Of course, I’ve read as much as you about the surpression of females in the gulf, and while I can’t comment on other countries since I haven’t been there, I can tell you that Bahrain is way ahead than what I’ve read. I’ve met so many women who run their own businesses or work in corporate jobs, and I’ve seen women who choose not to wear the abaya (black gown) or the hijaab (head scarf). Sure, they still have a long way to go compared to the west, but the process of change takes time.
My observations have nothing to do with my sponsors. I will only continue to share personal stories and experiences. It’ll be a pity if you judge the country or my perception of it without ever visiting it yourself.
Hi Mark,
Since you have not stated where you come from, I presume it would be akin to that of a well-frog’s. Because it’s written all over your comment… Bahrain is a very young nation but its ambition is not a small one… and, as history has always shown us, a change takes its own time and every change, be it societal, economic or mental, comes with a price. Industrial revolution in the eighteenth century came with a price, so did the Arab Spring… the moot point is how you interpret it. Asians form the spine of the labour force in the Middle East, that’s a fact… and this ‘fact’ is responsible for millions of dollars being repatriated to their respective countries… You can’t simply sit on your @$$ and ignore it. I suggest you stop being an arm-chair expert and take a trip down to this part of the world and see it with your own eyes. I know nothing is perfect in this world, but it’s still worth giving it a try.
I wish you a wonderful year of discovering new places and cultures…
It’s really interesting to got to know that what we read isn’t actual truth, but the fact is much more interesting & welcoming.
Nice pics! 🙂
Great going! 🙂
Very heart warming photos…Shivya. Bahrain has always been off the radar for me as it isn’t publisized that much. But after looking at you photo blog it seems to be an interesting place to be at…
Hi Shivya, i work in bahrain and it would be a pleasure to meet you … would love to hear the stories of your travel … please call me if you have the time 34130720
Nice pics ! Will love to read ur detailed stories abt this little known nation !

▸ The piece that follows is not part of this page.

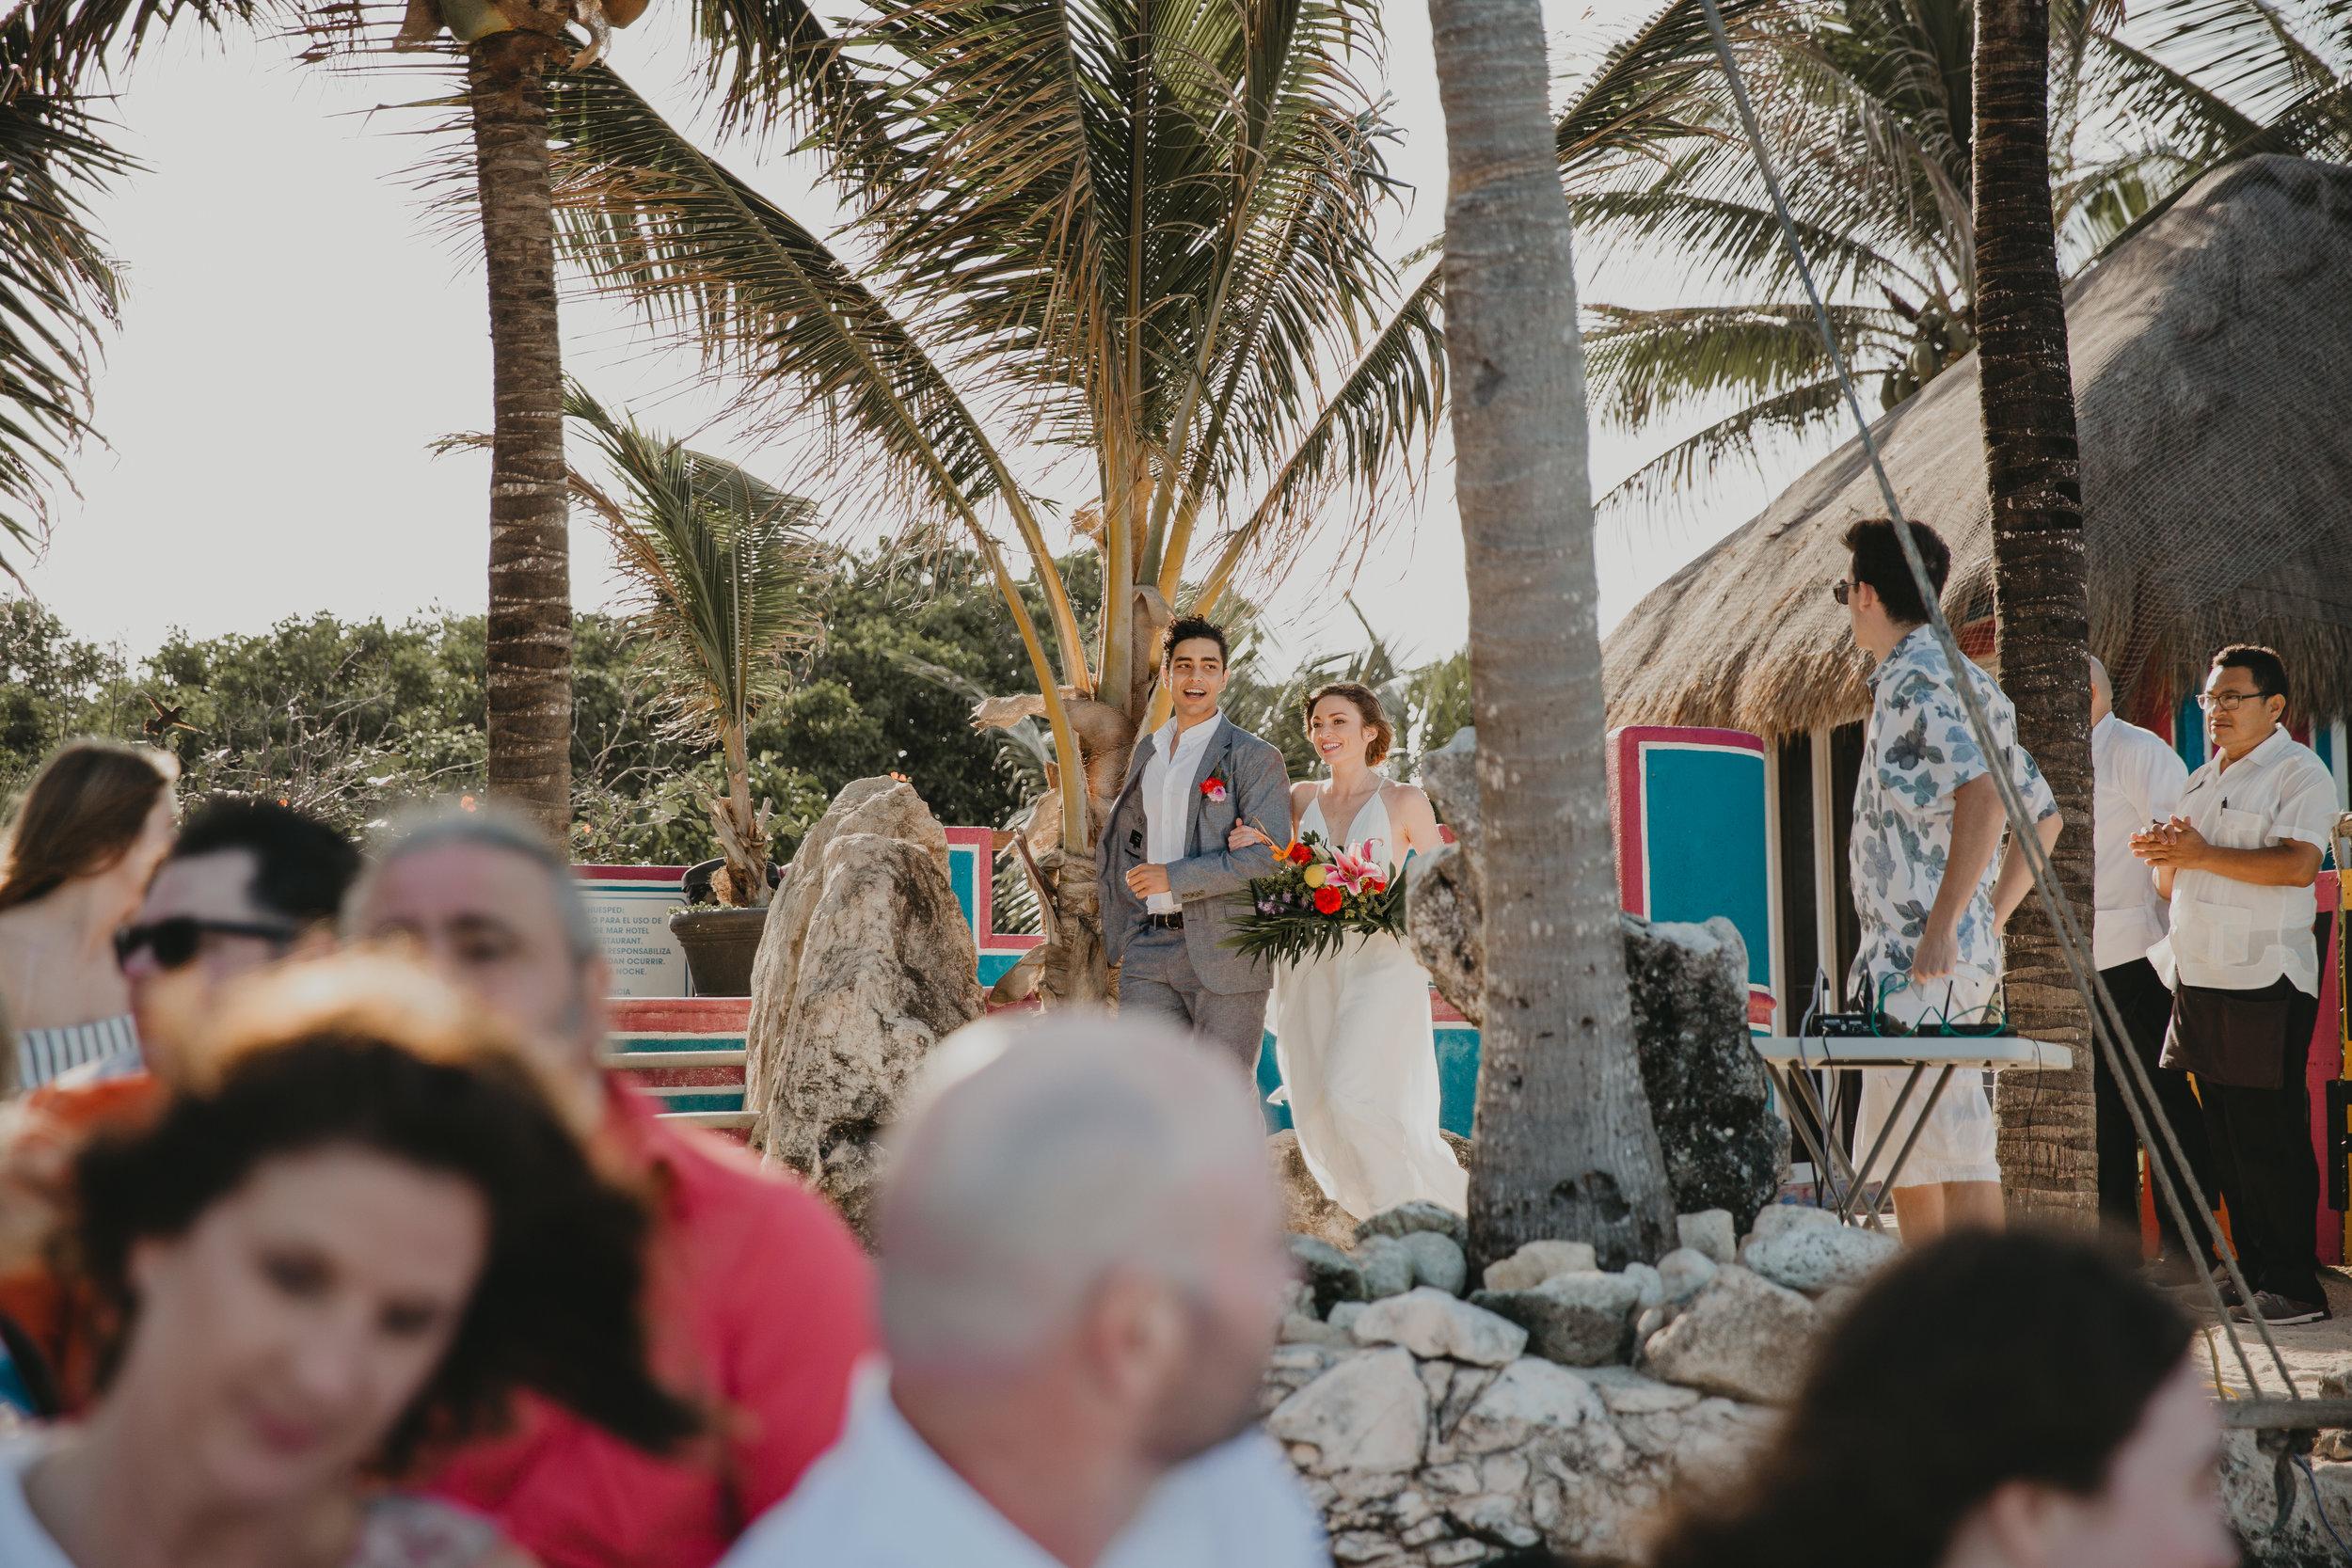 Nicole-Daacke-Photography-beachfront-akumal-destionation-wedding-tulum-mexico-elopement-photographer-destination-wedding-inspiration-sunset-champagne-pop-boho-bride-ocean-tropical-bohemian-tulum-wedding-photos-153.jpg

Interesting :). Haven’t seen a calmer sea side before. Would love to take this beach side walk some day 🙂
Excellent!
Sure does make me nostalgic.
Hey started following u on twitter recently. As a travel enthusiast myself, really enjoyed reading about ur trip to Bahrain. I’m completely fascinated by the Middle East and would love to do a Jordan, Turkey, Bahrain, Morocco sometime soon. I visited the beautiful country of Oman last December and completely loved it. Friendly people and lots of interesting sights n sounds.
Thanks Ranjani, and likewise. After getting a flavor of the Middle East in Bahrain, I can’t wait to go back and visit the rest of it 🙂
i love bahrain even i am from bahrain it ia a very nice country
Lucky you. It seemed like a wonderfully friendly place to live!
my name is jessica living in seychelles i love your comment about barain but i went you to help me find a father at your beloved country
Beautiful !!!
everything well explained and illustrated…. 🙂
Shivya, I am from Bahrain.. i grew up there.. and moved to India only 9 years ago.. Did you know that Bahrain is also known for its pearls? Beautiful pearls 🙂
wonderful! Bahrain is a beautiful city. now I will definitely visit to Bahrain. I like to see all islands in Bahrain. thanks for sharing.